▶ [REQUIRED WORK]
Under this line sits a listing. Repeat exactly and only its lines from the one holding "Ronde borstel, zwarte" through the one holding "Eine sehr schöne"; skip pictures.

▶ [RECORDS FOR THIS EXERCISE]

::::::::

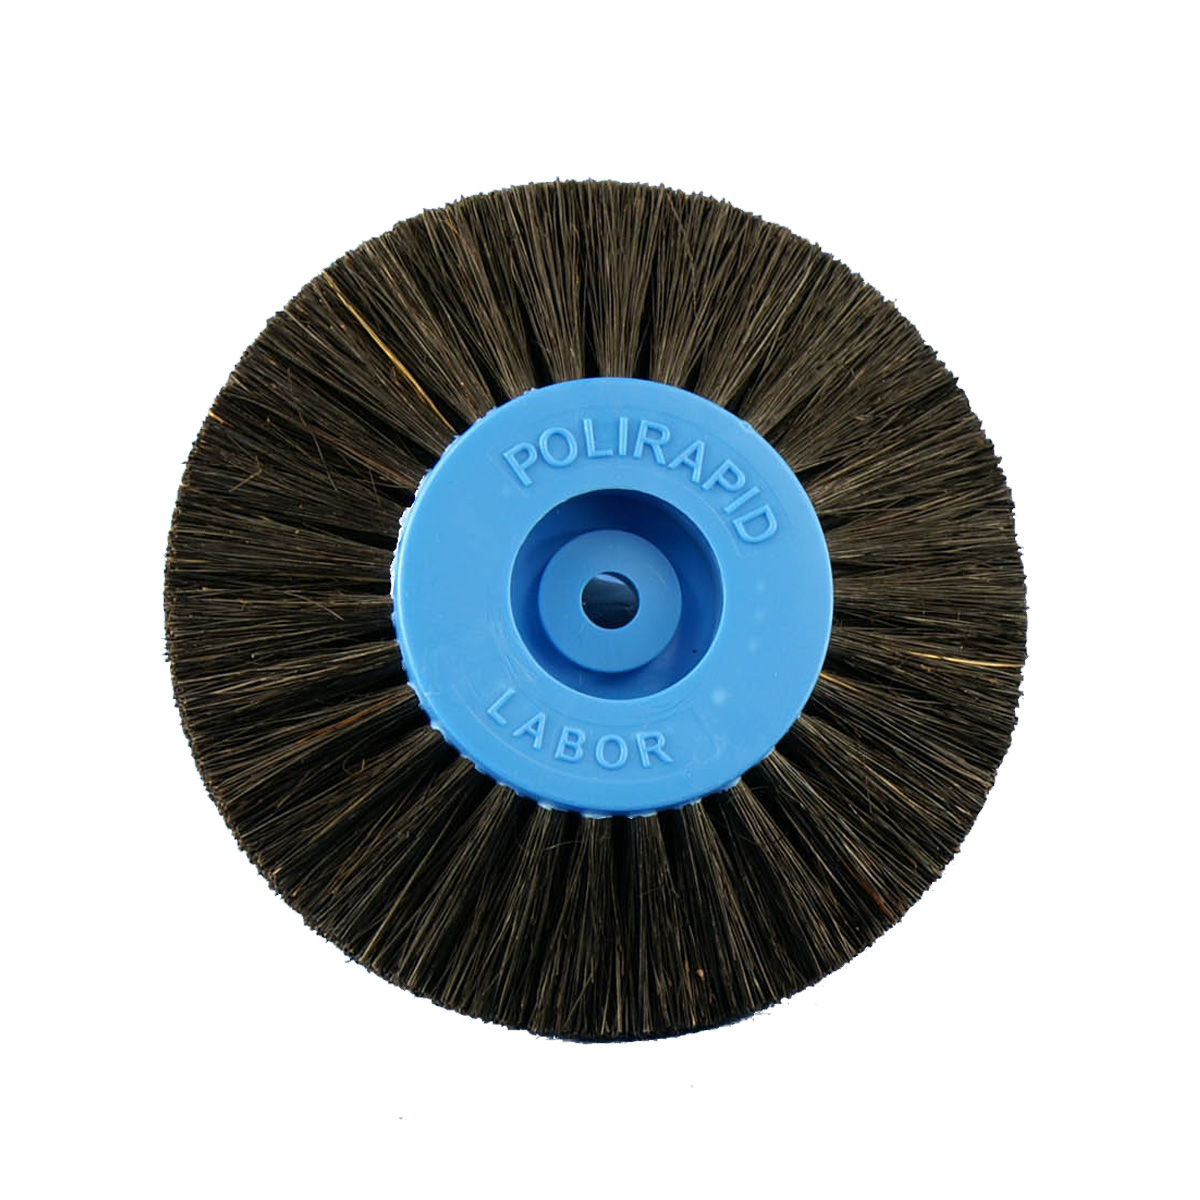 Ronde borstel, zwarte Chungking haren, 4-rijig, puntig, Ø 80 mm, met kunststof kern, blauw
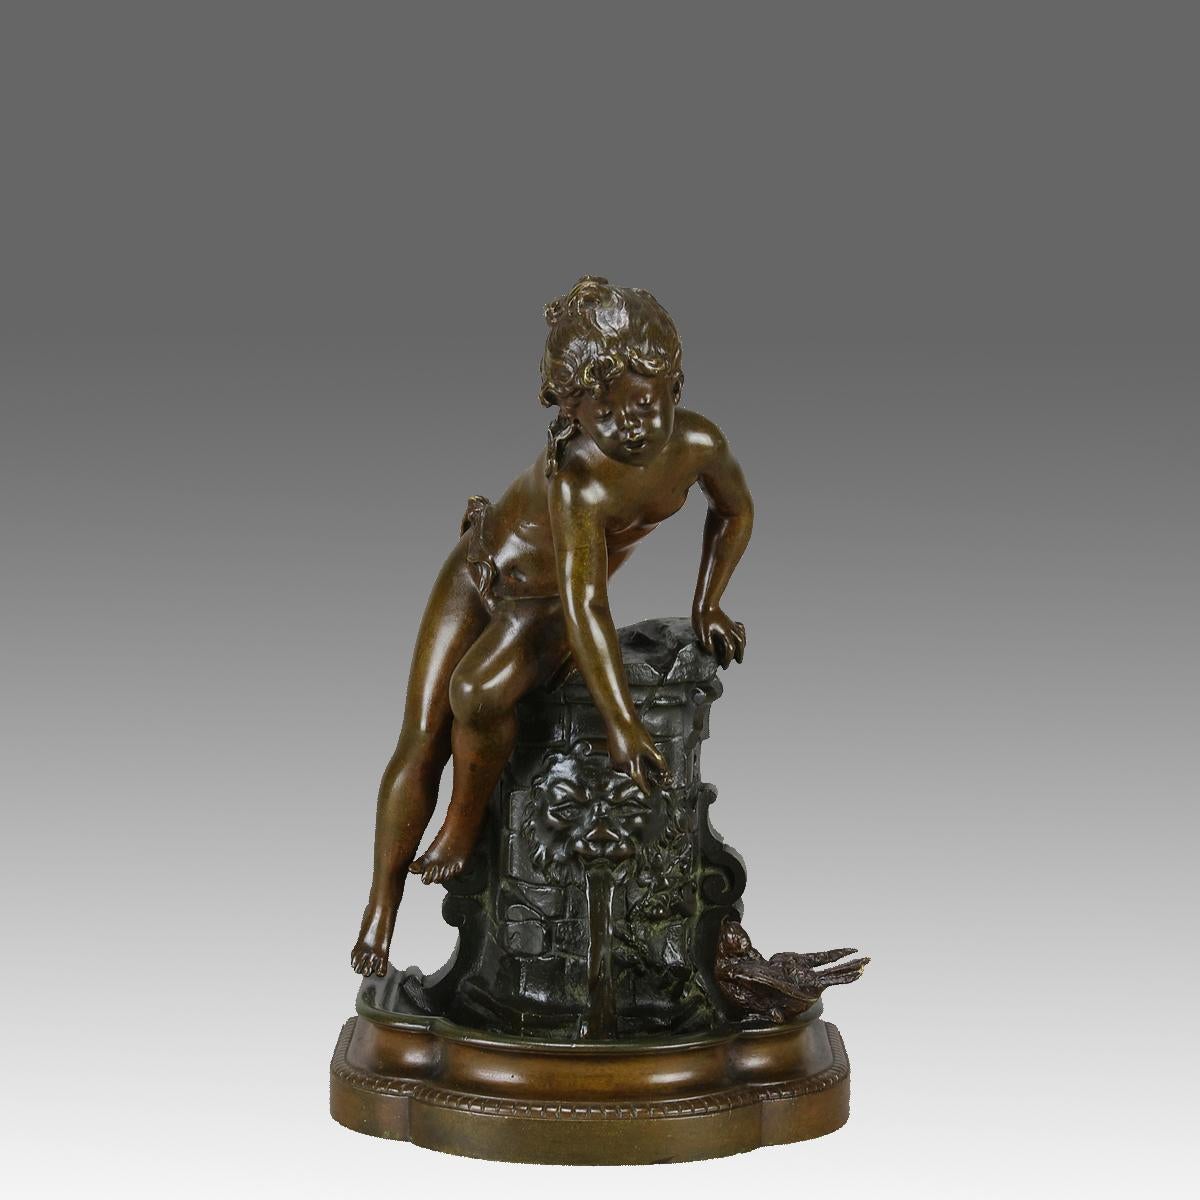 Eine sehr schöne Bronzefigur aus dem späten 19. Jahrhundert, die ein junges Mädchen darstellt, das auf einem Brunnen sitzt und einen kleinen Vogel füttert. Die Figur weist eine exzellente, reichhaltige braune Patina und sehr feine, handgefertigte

::::::::

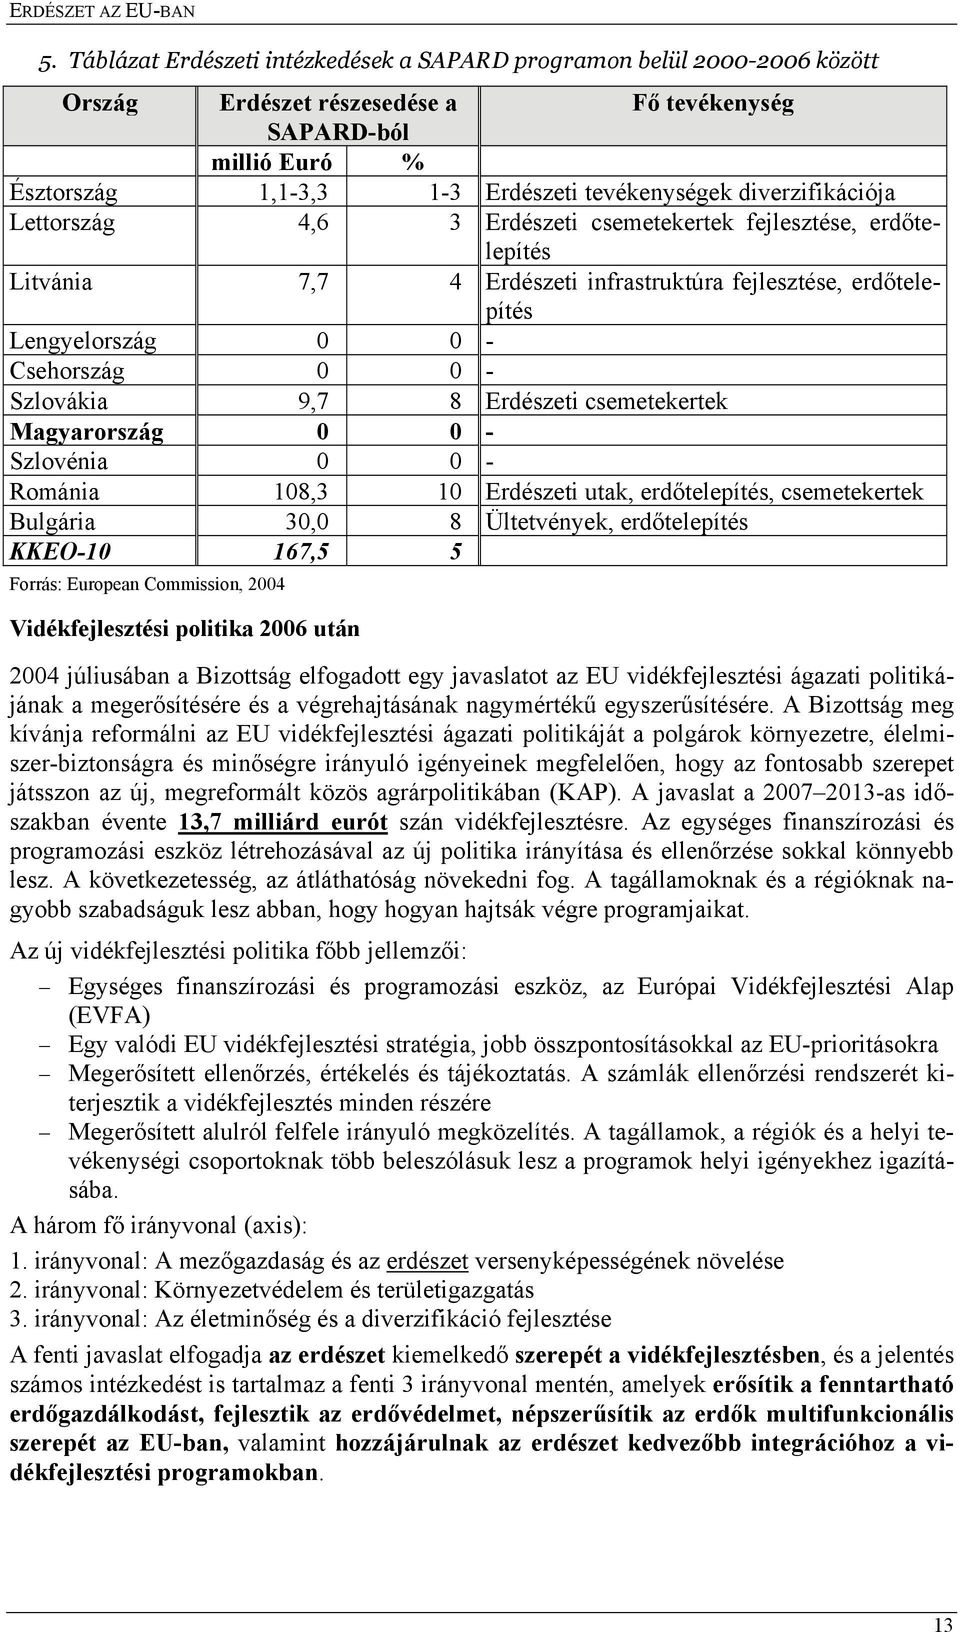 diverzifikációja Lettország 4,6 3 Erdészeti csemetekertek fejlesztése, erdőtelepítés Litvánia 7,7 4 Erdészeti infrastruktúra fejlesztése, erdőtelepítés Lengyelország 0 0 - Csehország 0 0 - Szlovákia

::::::::

▶ [RESPONSE]
 Ronde borstel, zwarte Chungking haren, 4-rijig, puntig, Ø 80 mm, met kunststof kern, blauw
 Eine sehr schöne Bronzefigur aus dem späten 19. Jahrhundert, die ein junges Mädchen darstellt, das auf einem Brunnen sitzt und einen kleinen Vogel füttert. Die Figur weist eine exzellente, reichhaltige braune Patina und sehr feine, handgefertigte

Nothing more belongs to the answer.